Now, this sum has mean which is the sum of the means of those random variables, that is,
\sum_{j=0}^{2n-1} {j \over 2n-1} = n
and variance which is the sum of their variances,
\sum_{j=0}^{n-1} {j \over 2n-1} \left( 1 - {j \over 2n-1} \right) = {2n(n-1) \over 3(2n-1)}
which is approximately n2/3. Furthermore, since the sum is a sum of a bunch of small contributions, it's approximately normal. So pn(z) is the probability generating function of a random variable which is roughly normal with mean n and variance n2/3, but integer-valued, and its kth coefficient is the probability that such a random variable is equal to k.

Therefore [z^k] p_n(z) is approximately
q_n(k) = {3 \over \sqrt{2\pi n}} \exp \left( {-(k-n)^2 \over 2n/3} \right)

which is the density of such a normal random variable. We want to know [zn] pn(z) - [zn] pn-1}(z), and this is approximately qn(n) - qn(n-1). You'd think this would be qn'(n), but qn(n) is actually zero -- the fact that the coefficients were "close to each other" is even more troublesome than you'd expect. Still, we can make a Taylor series for qn at n, and the linear term is zero, so we get
q_n(n) - q_n(n-1) \sim {q_n^{\prime\prime}(n) \over 2} = \sqrt{27 \over 8\pi n^3}
And g(n) = [zn] fn(z) - [zn] fn-1(z) = (2n-1)2n ([zn] pn(z) - [zn] pn-1(z)); using the approximation we get
g(n) \sim \sqrt{27 \over 8\pi n^3} (2n-1)^{2n}

and now note that
(2n-1)^{2n} = (2n)^{2n} \left(1-{1 \over 2n}\right)^{2n} \sim {(2n)^{2n} \over e}.

g(n) \sim \sqrt{27 \over 8\pi e^2 n^3} (2n)^{2n}
which matches (with a bit of computation) the result given by Zagier in the arXiv, and the terms reported in the OEIS. I wouldn't have trusted it otherwise; that "take the second derivative" step is particularly sketchy, although it can probably be justified as there are results on the rate of convergence of the central limit theorem. But asymptotic analysis is nice in this way; if it's easy to compute the terms of some sequence, then we can often be confident in results like this even without

Besides, I'd never seen the trick of using the second derivative to approximate a difference before. At least not that I can remember.


Efrique said...

Could you explain how you get to "2n(n-1)/[3(2n-1)]" and then from there to n^2/3?

It may just be that I'm overtired, but that doesn't look right to me.

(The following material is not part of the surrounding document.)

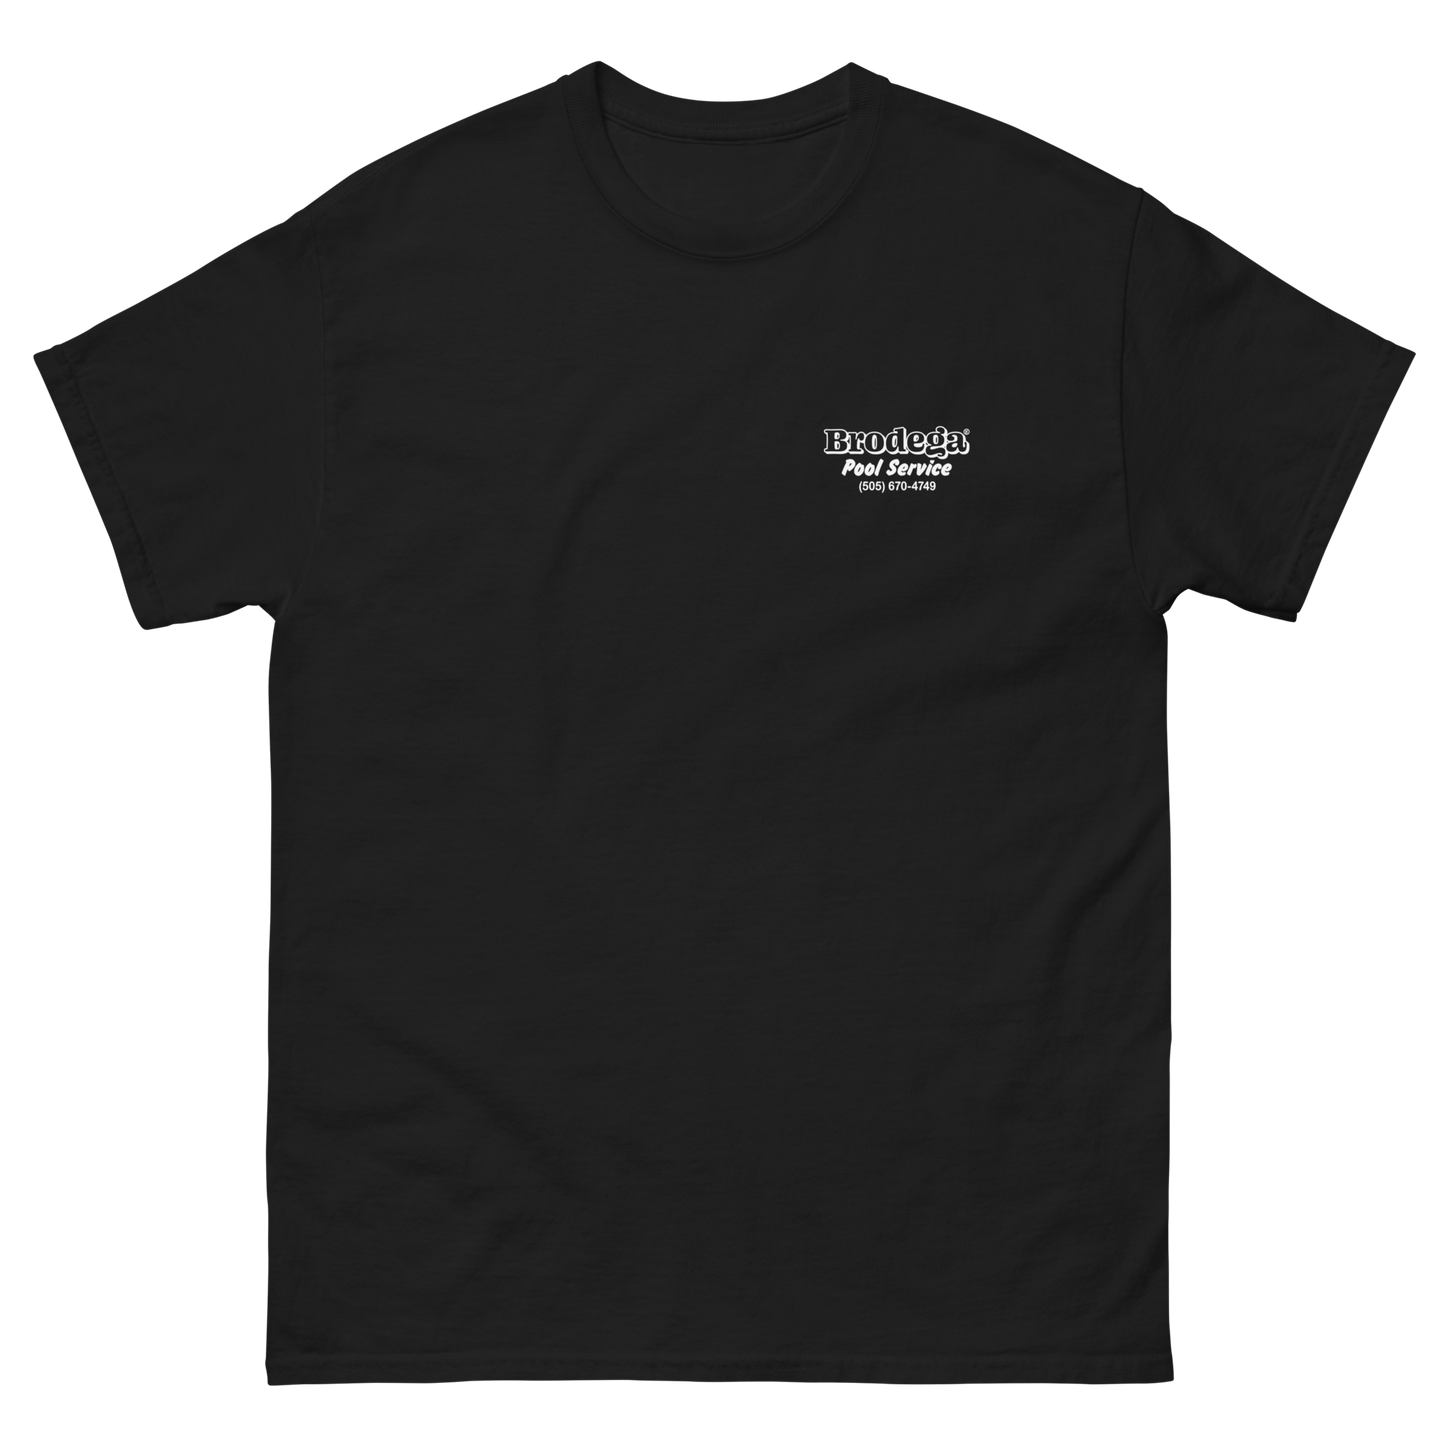 Herr Vorarbeiter / T-Shirt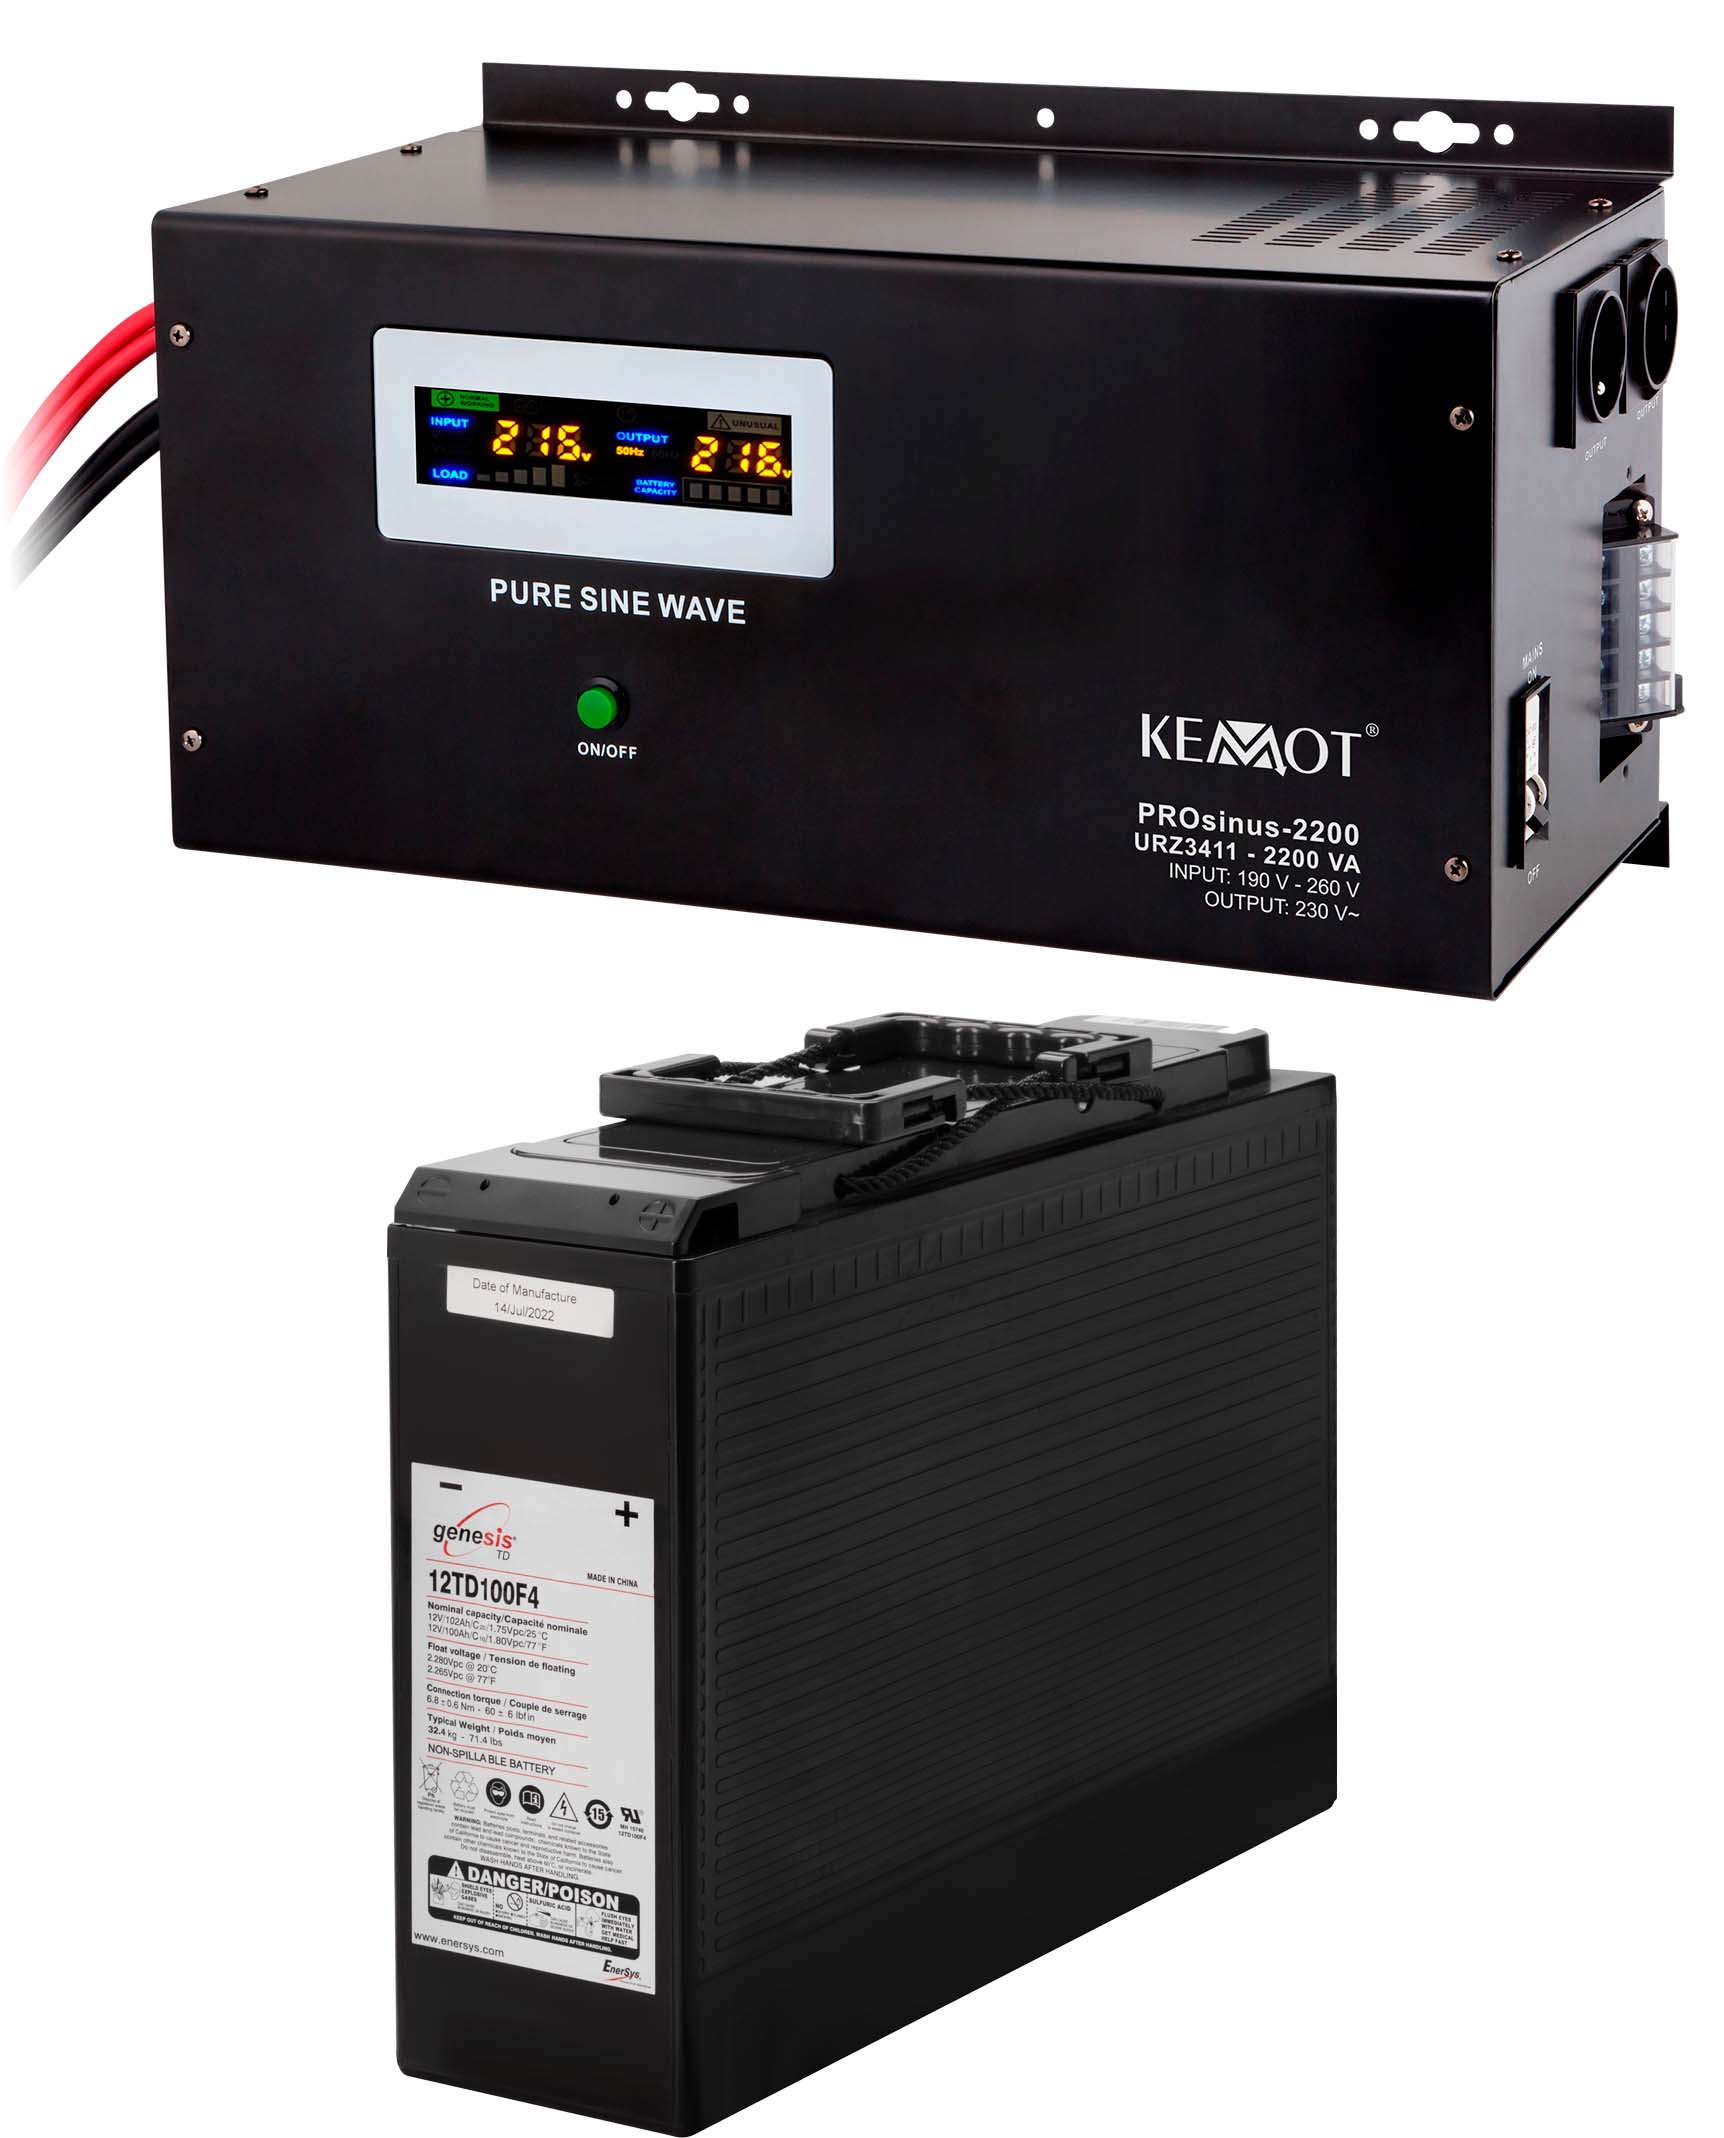 Отзывы источник бесперебойного питания Kemot PROSinus-2200 (URZ3411)+аккумулятор Genesis 12TD100F4 (12V100Ah)

I could believe that I've lost a factor of two doing the summation, but that last step - surely that becomes n/3, right?

Michael Lugo said...


you're right, it should be n/3; I mistyped. (What follows is correcet based on it being n/3, though.)

Anonymous said...

This is a very nice argument ;), but I think some technical work is required to turn in into a "formal" proof.

Here is something that may be troublesome... You say: "Furthermore, since the sum is a sum of a bunch of small contributions, it's approximately normal."

The variables you use are indeed independent, but not identically distributed. How does the asymptotic normality follow? Moreover, asymptotic normality gives you information about the distribution, and not the individual probabilities, where you need a local limit law.